Since KissCluster is itself language independent (I have been using it with Julia, Python, Java and R) it does not know about the child processes that you can add via Distributed.addprocs() or -p or with ClusterManagers.jl. In all those scenarios KissCluster will be able to log only the standard output and standard error of the master process (it might be OK with you or not).

To submit a job with julia you can do:

./kissc submit --job_command "julia master.jl" --folder samplecode/ --max_jobid 10 myc@us-east-2

This will tell the cluster to run the master.jl ten times. Please note that the julia command must exist (e.g. must be reachable in the system PATH). Standard output a error of master.jl will be logged along the rules described above.

Now there is one important issue - in KissCluster submitting a job is decoupled from the actual execution. This design was taken by the fact the normally you wish to run workers on EC2 Spot instances and your computing capacity may come and go. This is different approach from Julia --machinefile or ClusterManagers.jl that assume that all servers will be available throughout all execution of computation.

When you run KissCluster a cloud-init script is executed. You can execute this script on any EC2 instance (that has IAM Role discribed in my previous post) and this instance will become worker in the cluster. Normally I create an AMI containing Julia along with all packages needed to run computations and than I launch this AMI as an EC Spot providing the above script as the cloud-init instance launch parameter.

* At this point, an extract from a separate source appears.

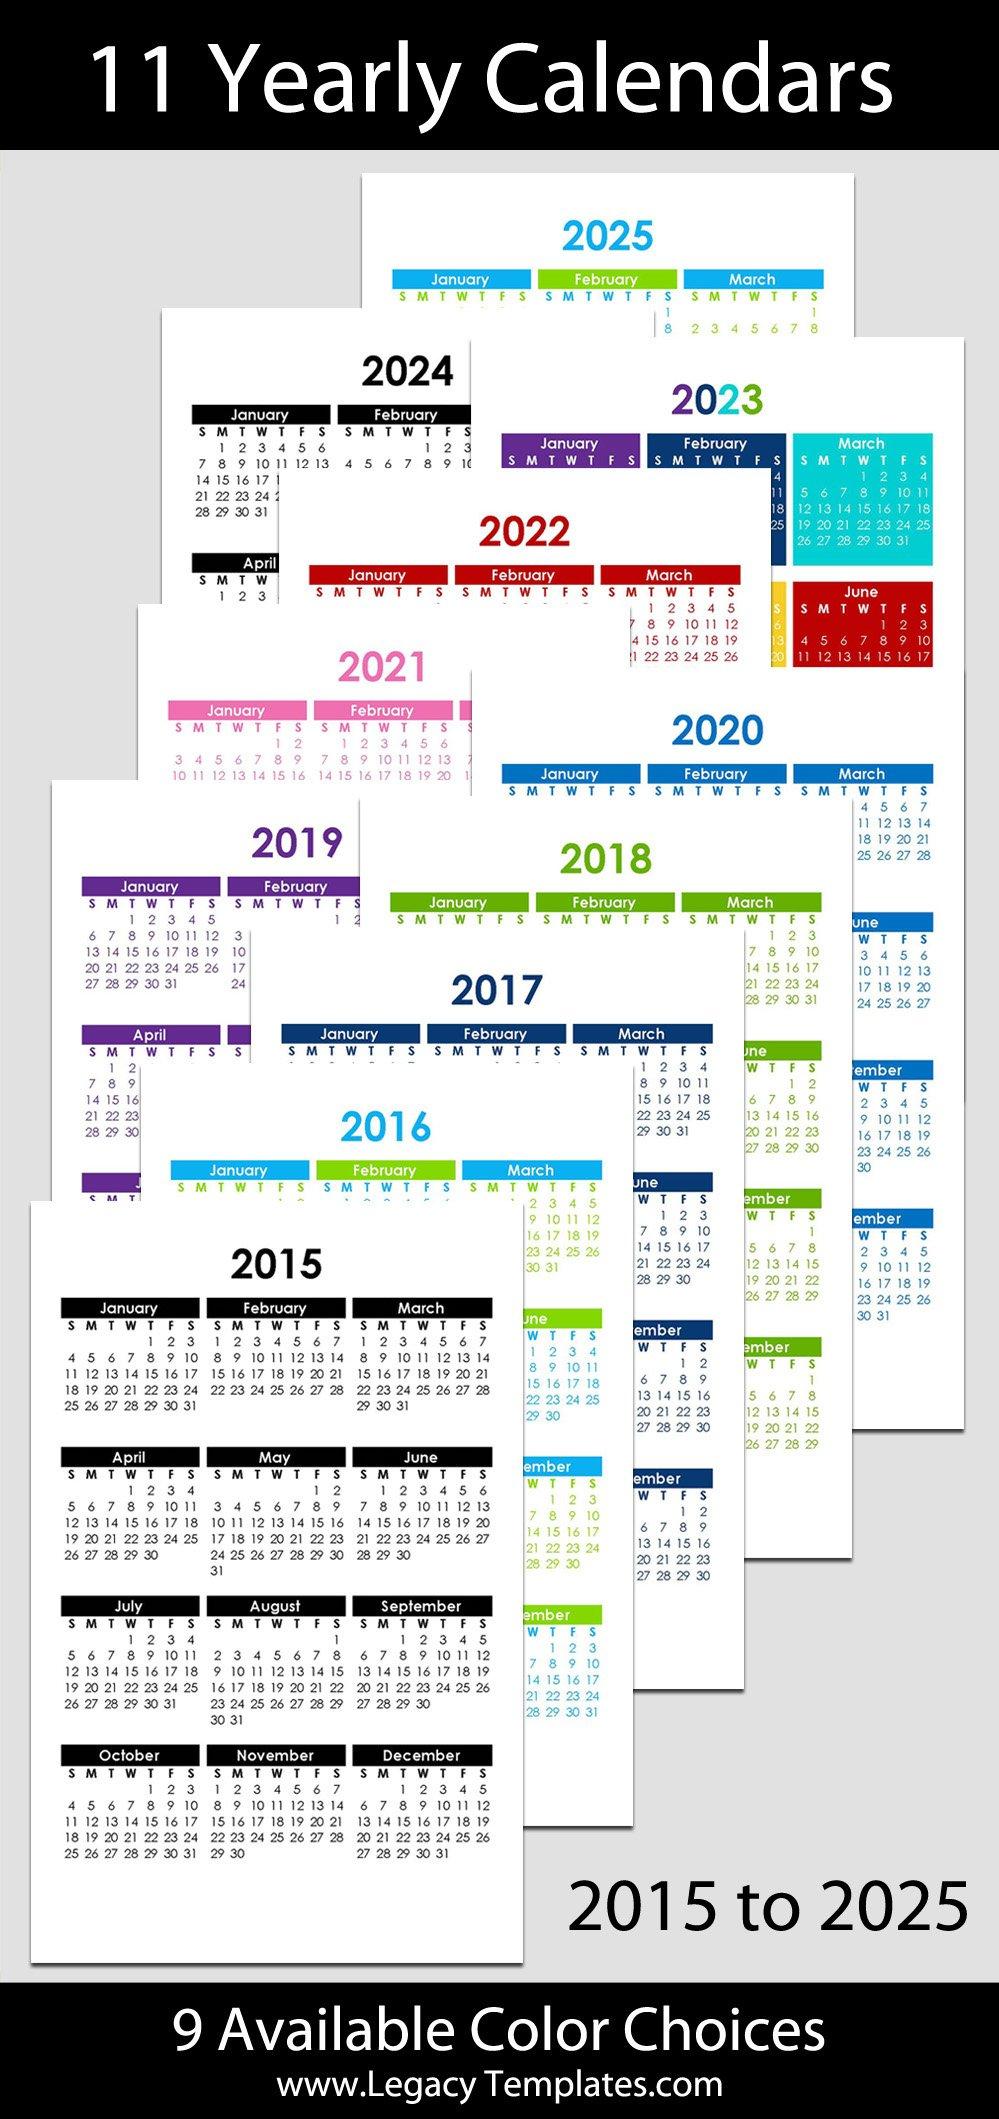 "2015 & 2025 Yearly Calendar – 5 1/2"" X 8 1/2"" | Legacy Free Printable Calendars 5 1/2 X 8 1/2"

I have tested this approach for EC2 Spot clusters up to 200 nodes (servers). Please note that for bigger clusters you need to adjust read- and write- through-output capacity of DynamoDB tables generated by KissCluster.

Should you have more questions just ask.

Thanks, for detailed explanation! @pszufe what is the roadmap for KissCluster, are you planning to maintain and update it on Julia 1.x ? I am also looking for a solution to schedule and run tasks (differential equations and computationally expensive optimization problems) on “on-demand” nodes (in future both cloud and on-prem but I want to start with cloud-based solution). I wanted to try kubernetes. Could you please explain in which cases KissCluster and other solutions mentioned here are more suitable and reasonable than container based orchestrators?

KissCluster is written in bash so it works in any Julia version (there is no direct Julia dependency and it works also with Python, Java and R).

KissCluster’s spot instance support is built on the fact that there is not central (master) node - instead there is just a DynamoDB table that holds the information about jobs and worker nodes.
Hence you can use KissCluster with in on-demand instances. An alternative for on-demand clusters is to use tools such as Slurm.

The difference is that KissCluster is very lightweight and is good for scenarios such as “run a cluster of 200 servers for 15 minutes and then terminate the cluster” while tools such as Slurm are much more advanced and offer functionality for maintaining and managing permanent long running clusters.

Hope that helps.

Thanks, I see.